====== Given entries ======

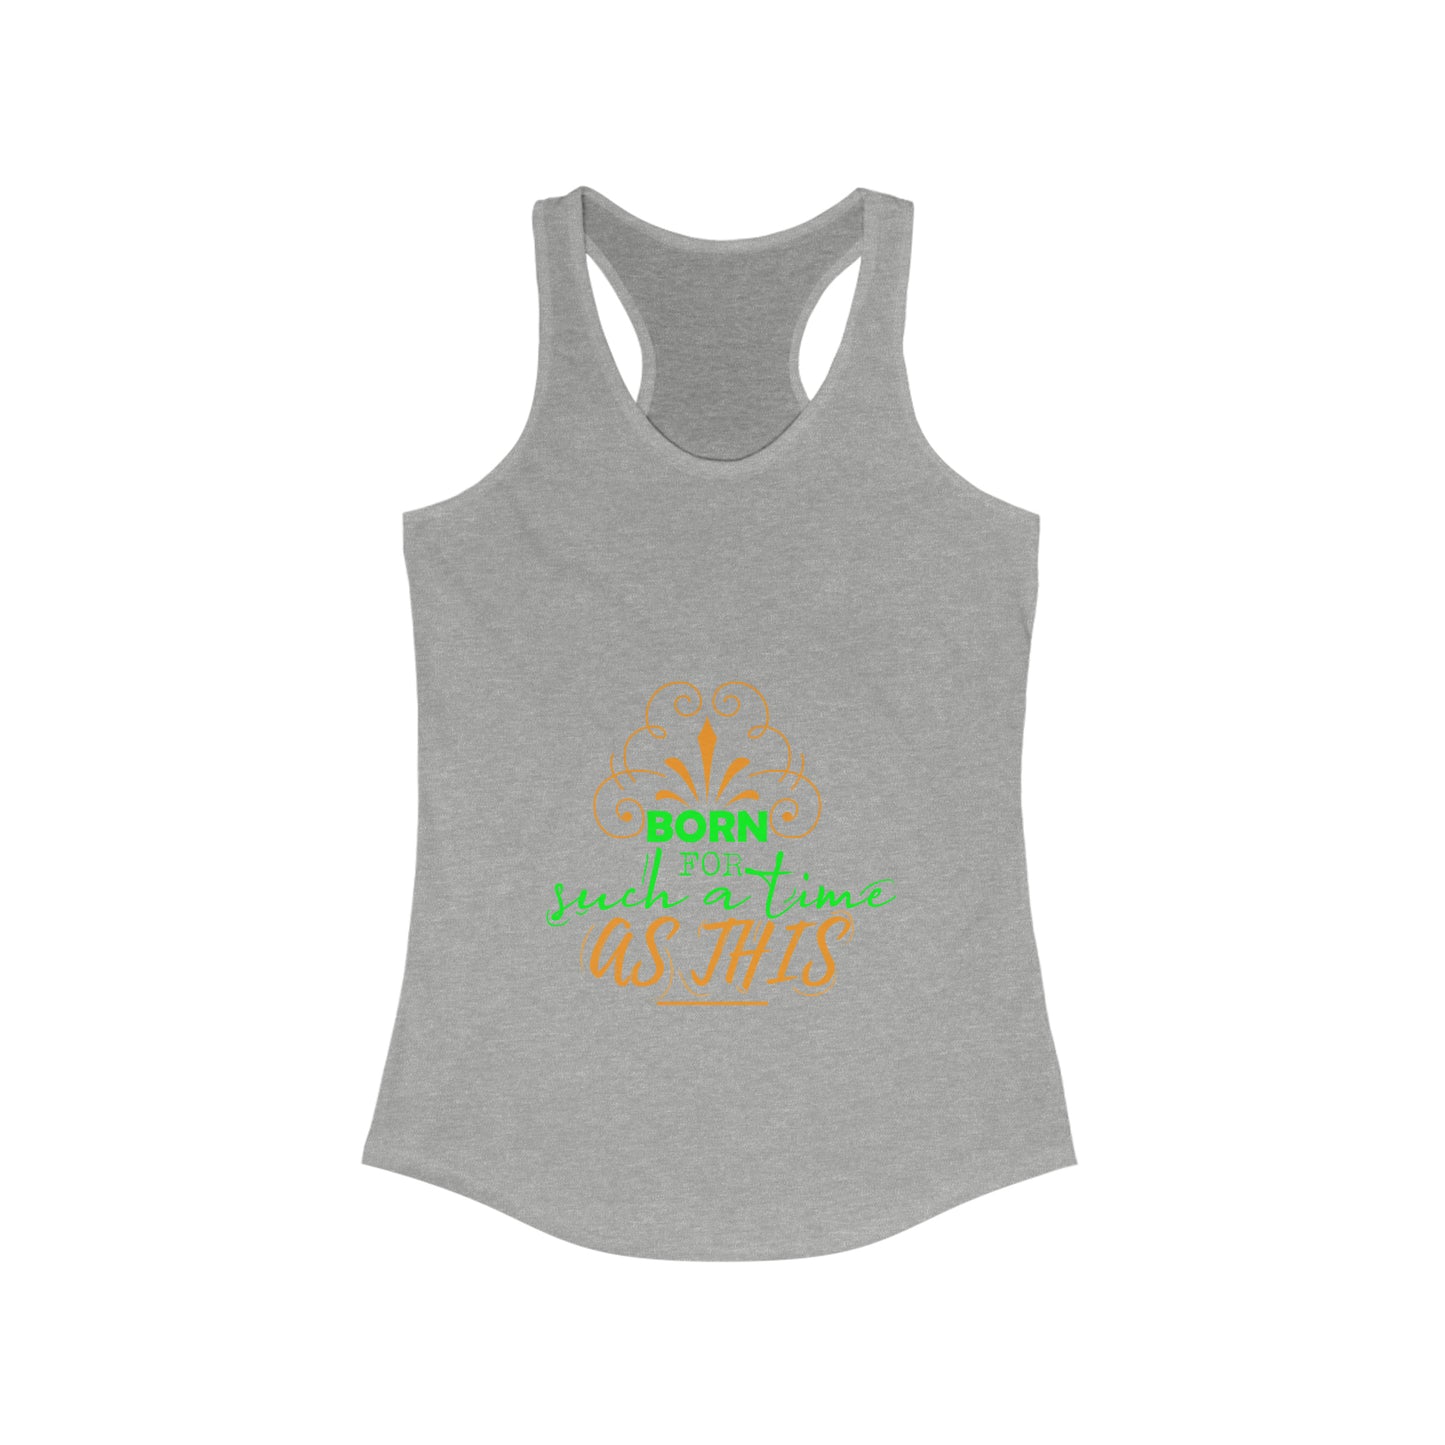 Born For Such A Time As This  Slim Fit Tank-top
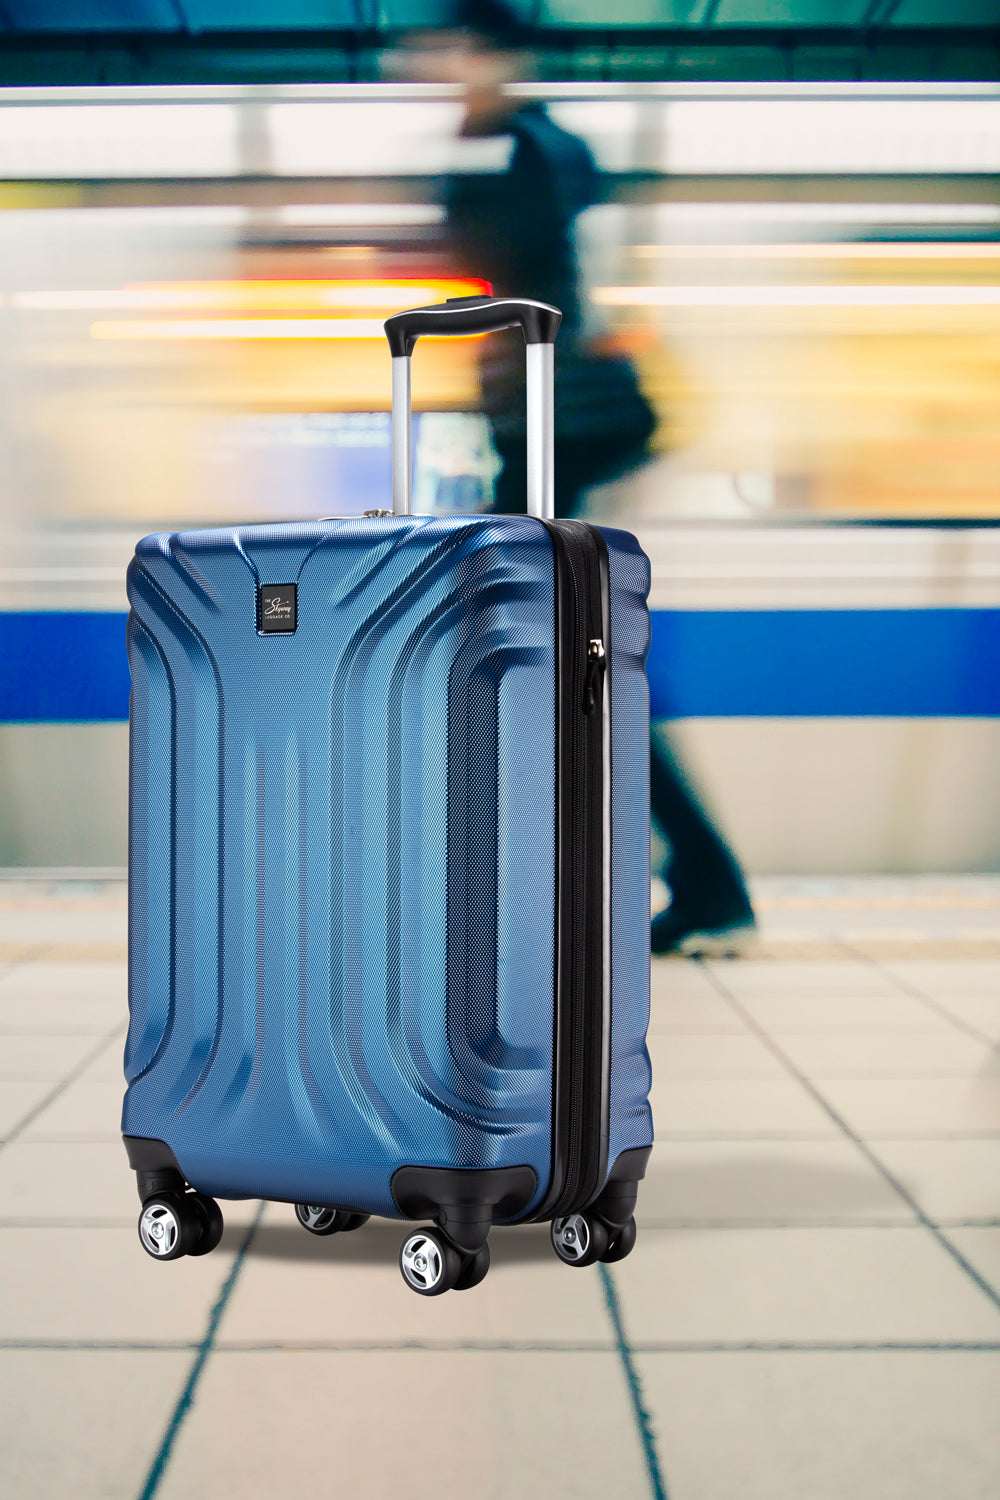 Skyway Luggage  Traveling the World Since 1910
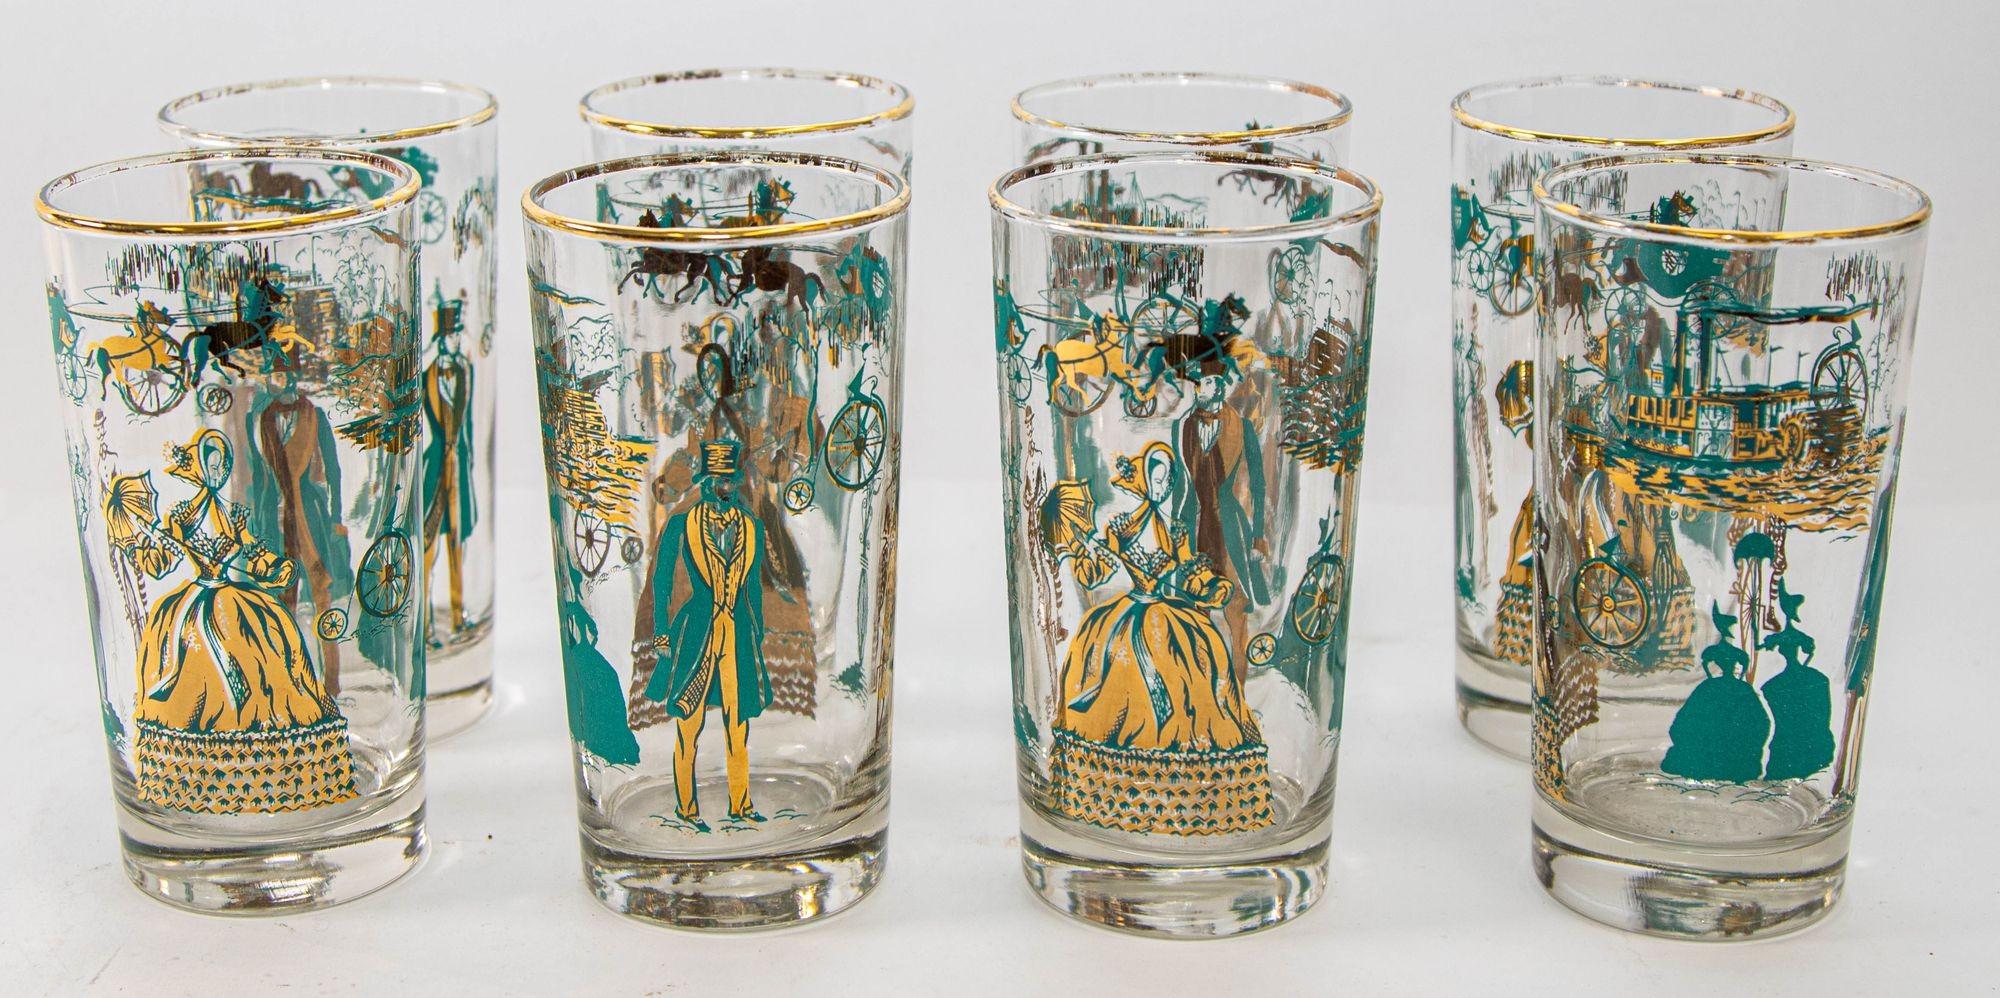 Elegant exquisite vintage set of eight turquoise and gold highball cocktail glasses.
circa 1960s glasses depicting rich gentleman and ladies figures wearing Renaissance Victorian Dress, horse carriage and other period design.
Set of 8 collectible

======

Without the pictures, write out every entry precisely as it appears.

**Reply to the task:**
 Born For Such A Time As This  Slim Fit Tank-top
 Skyway Luggage  Traveling the World Since 1910
 Elegant exquisite vintage set of eight turquoise and gold highball cocktail glasses.
circa 1960s glasses depicting rich gentleman and ladies figures wearing Renaissance Victorian Dress, horse carriage and other period design.
Set of 8 collectible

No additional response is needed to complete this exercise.